- **What you will do**:
The answer is to be the lines below that lie between the line holding "NCERT Exemplar Book" and the line holding "A close-up shot", inclusive, transcribed exactly and free of pictures.

- **Study material**:
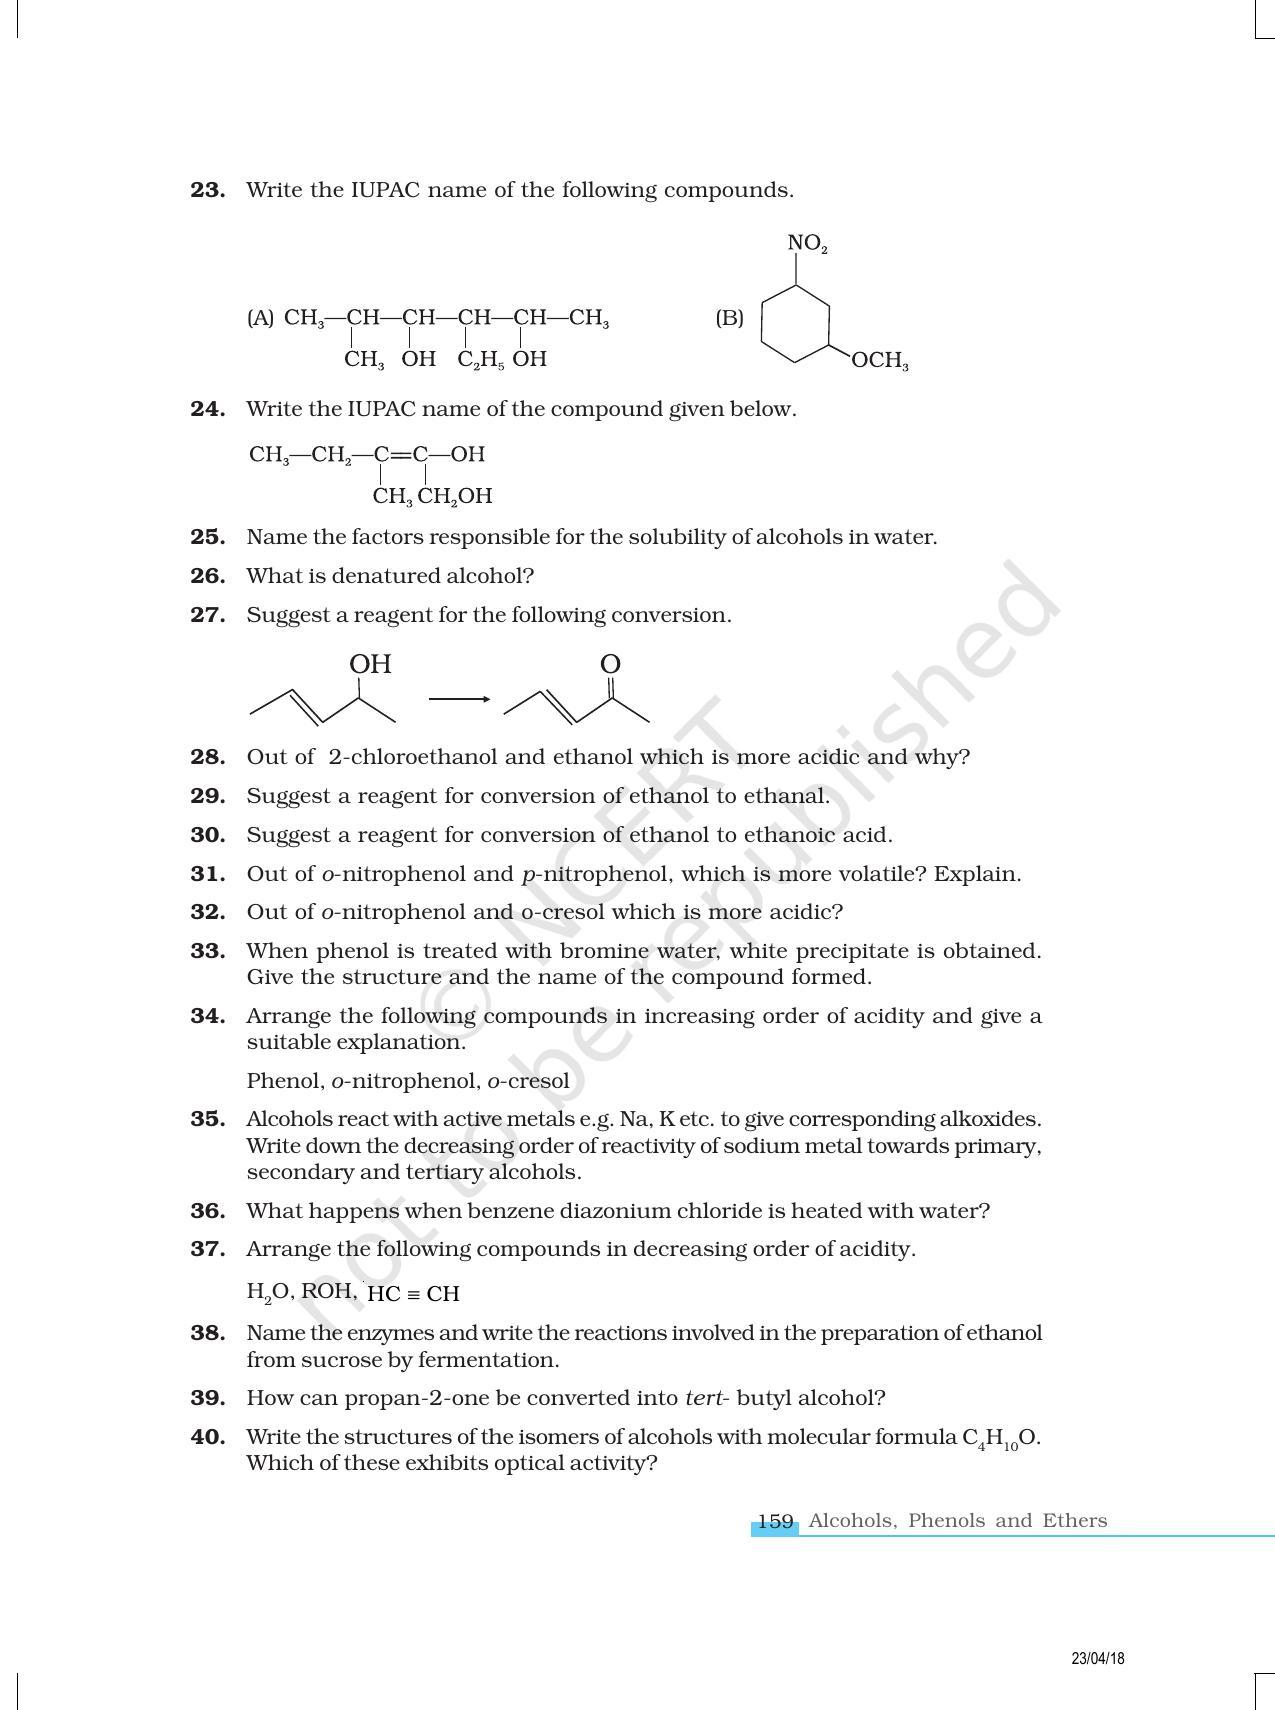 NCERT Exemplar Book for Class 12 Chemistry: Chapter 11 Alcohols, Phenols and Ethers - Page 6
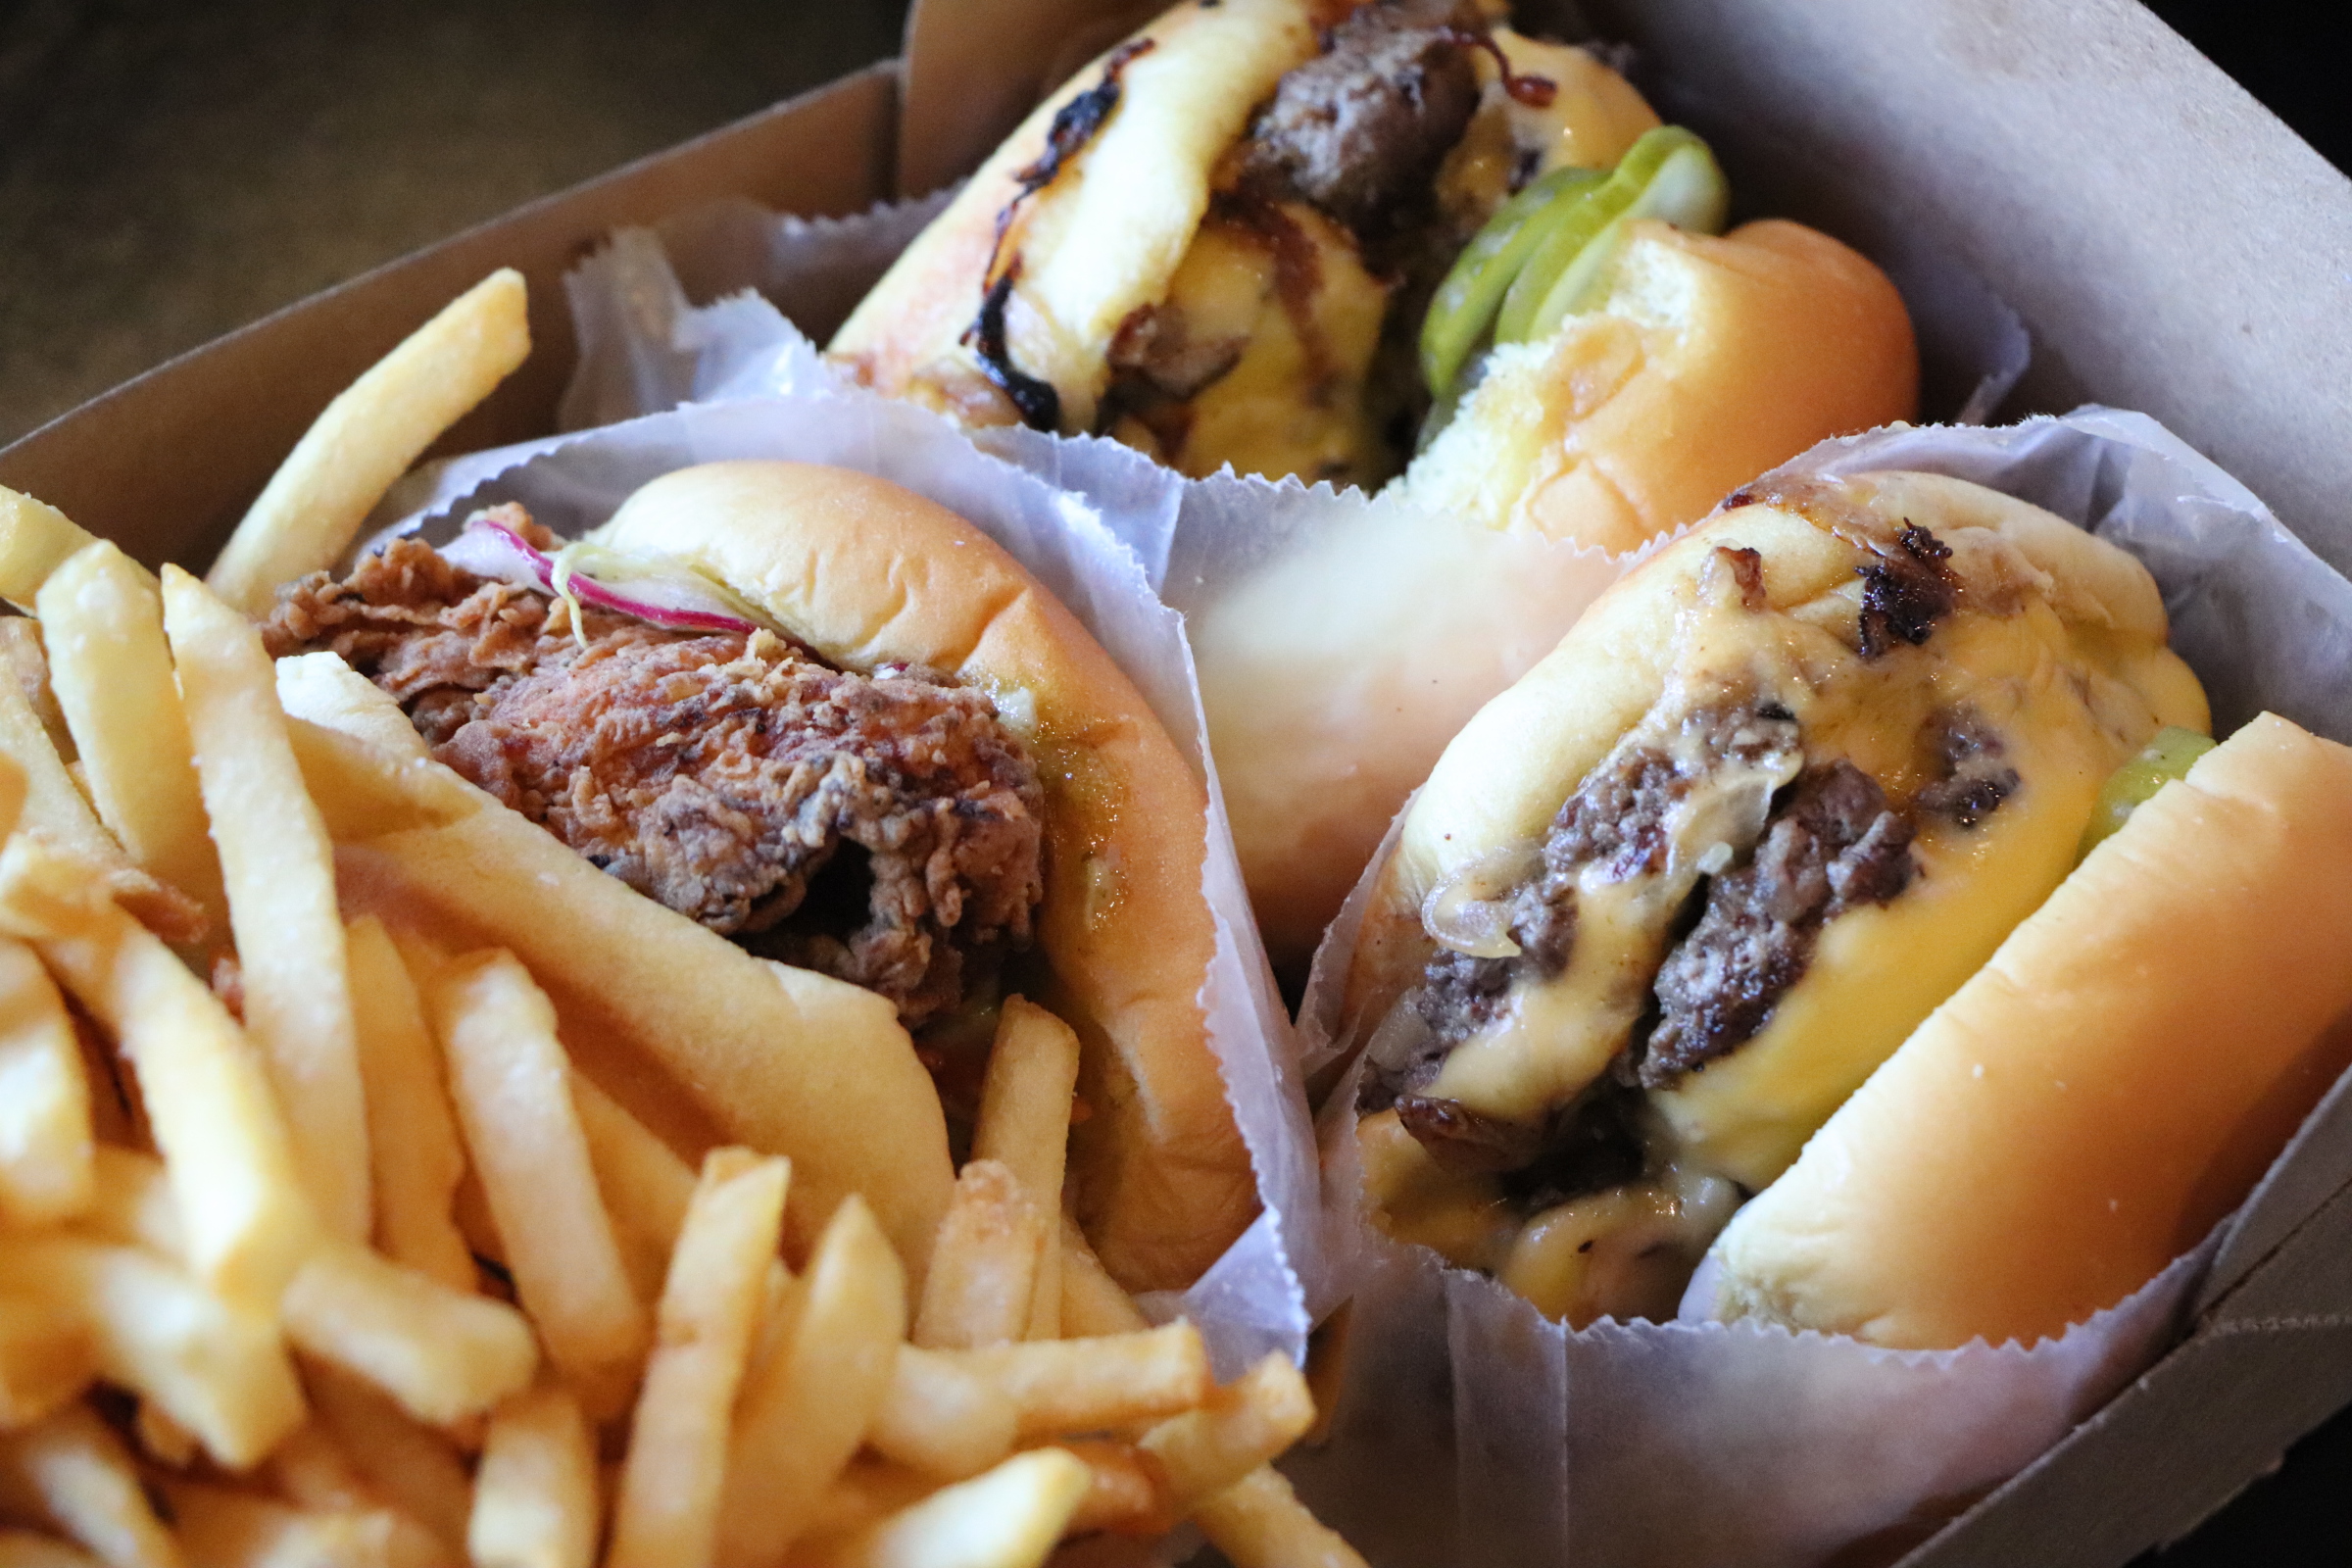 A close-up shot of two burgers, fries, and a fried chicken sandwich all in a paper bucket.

--

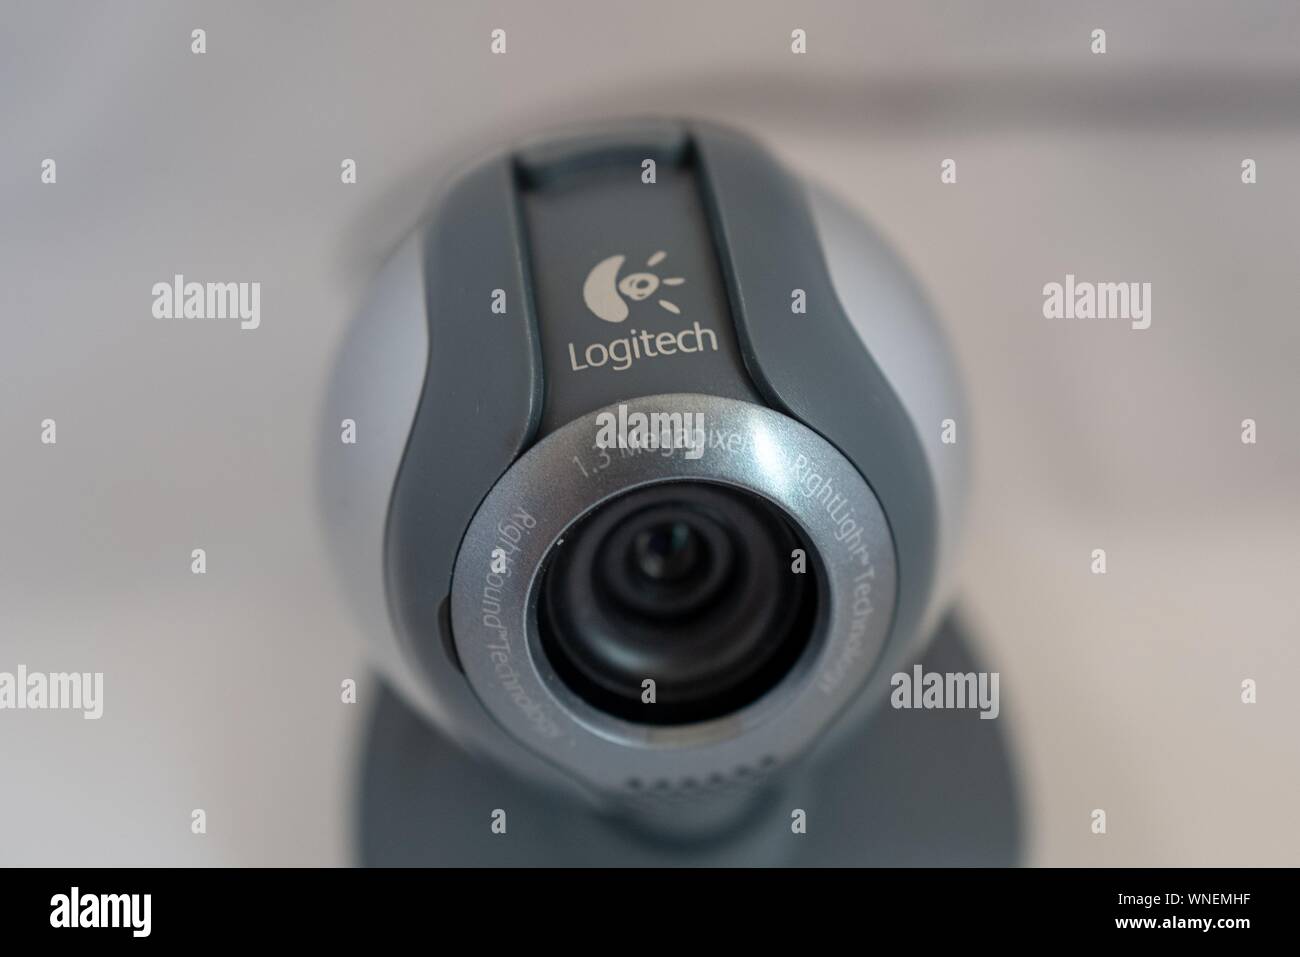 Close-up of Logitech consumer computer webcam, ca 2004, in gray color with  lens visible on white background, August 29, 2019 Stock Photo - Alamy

--

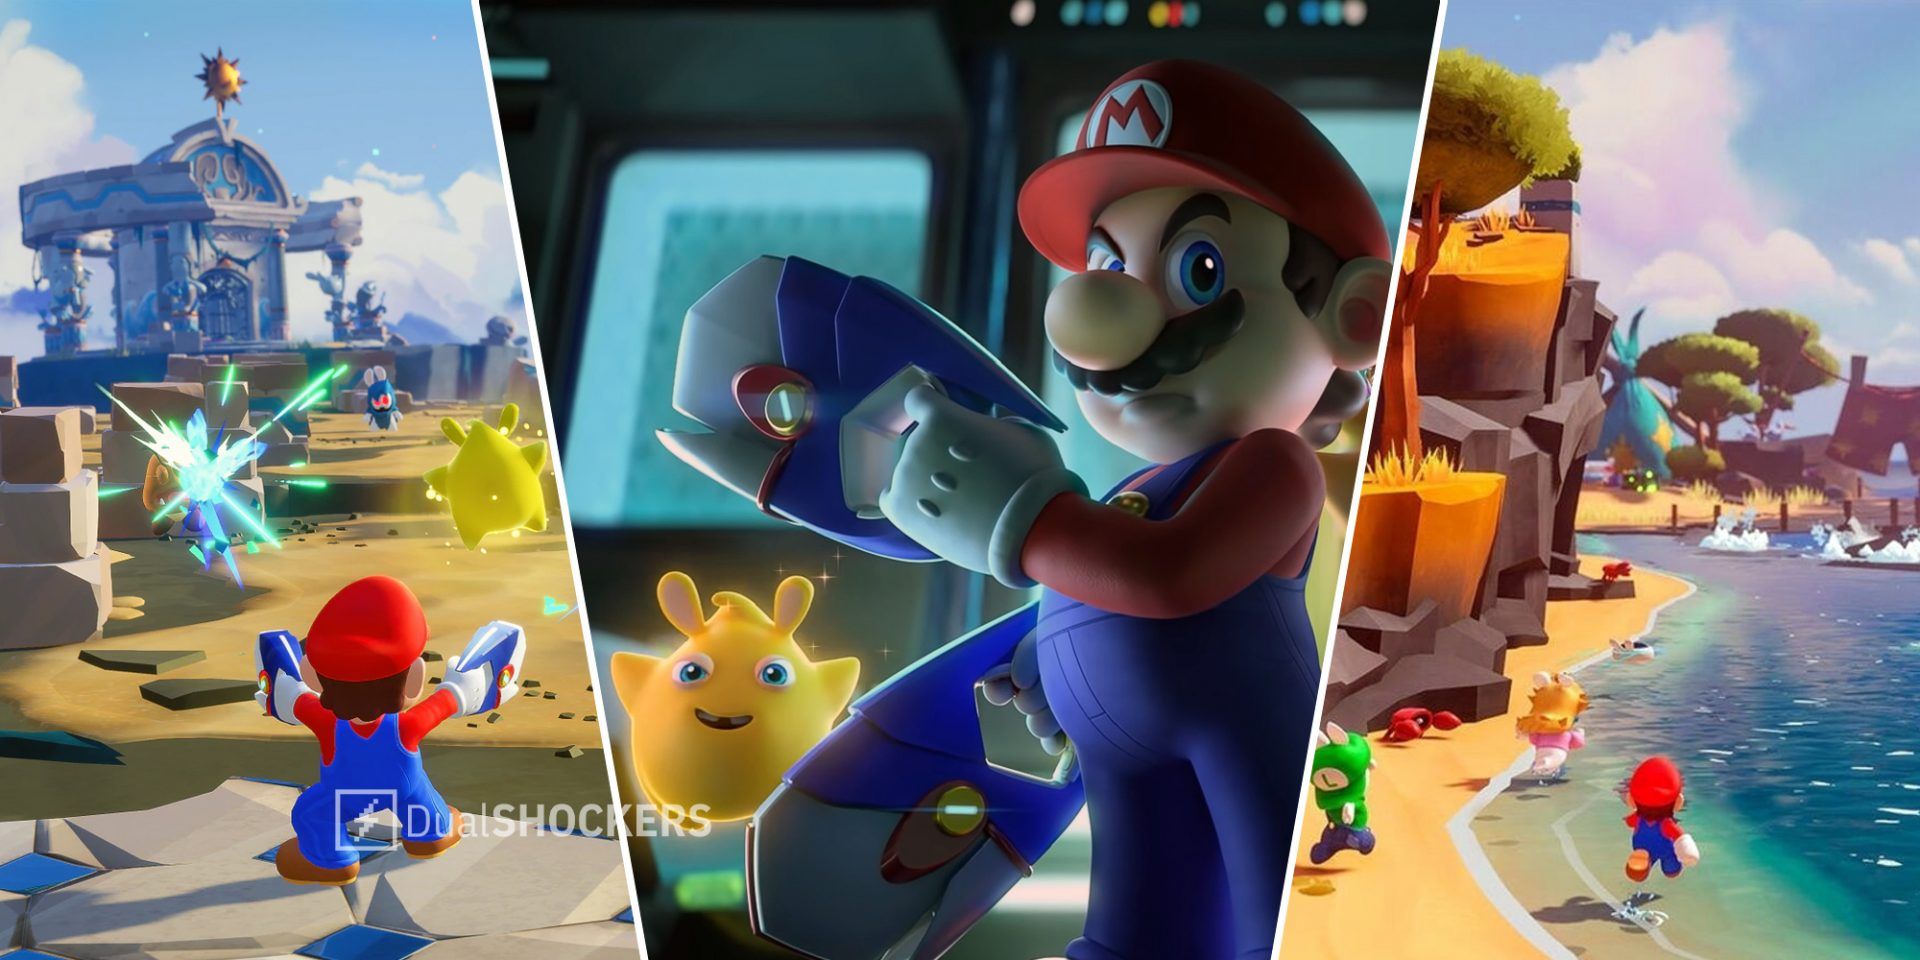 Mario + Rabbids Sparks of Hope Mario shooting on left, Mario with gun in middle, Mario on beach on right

- **Result for this task**:
 NCERT Exemplar Book for Class 12 Chemistry: Chapter 11 Alcohols, Phenols and Ethers - Page 6
 A close-up shot of two burgers, fries, and a fried chicken sandwich all in a paper bucket.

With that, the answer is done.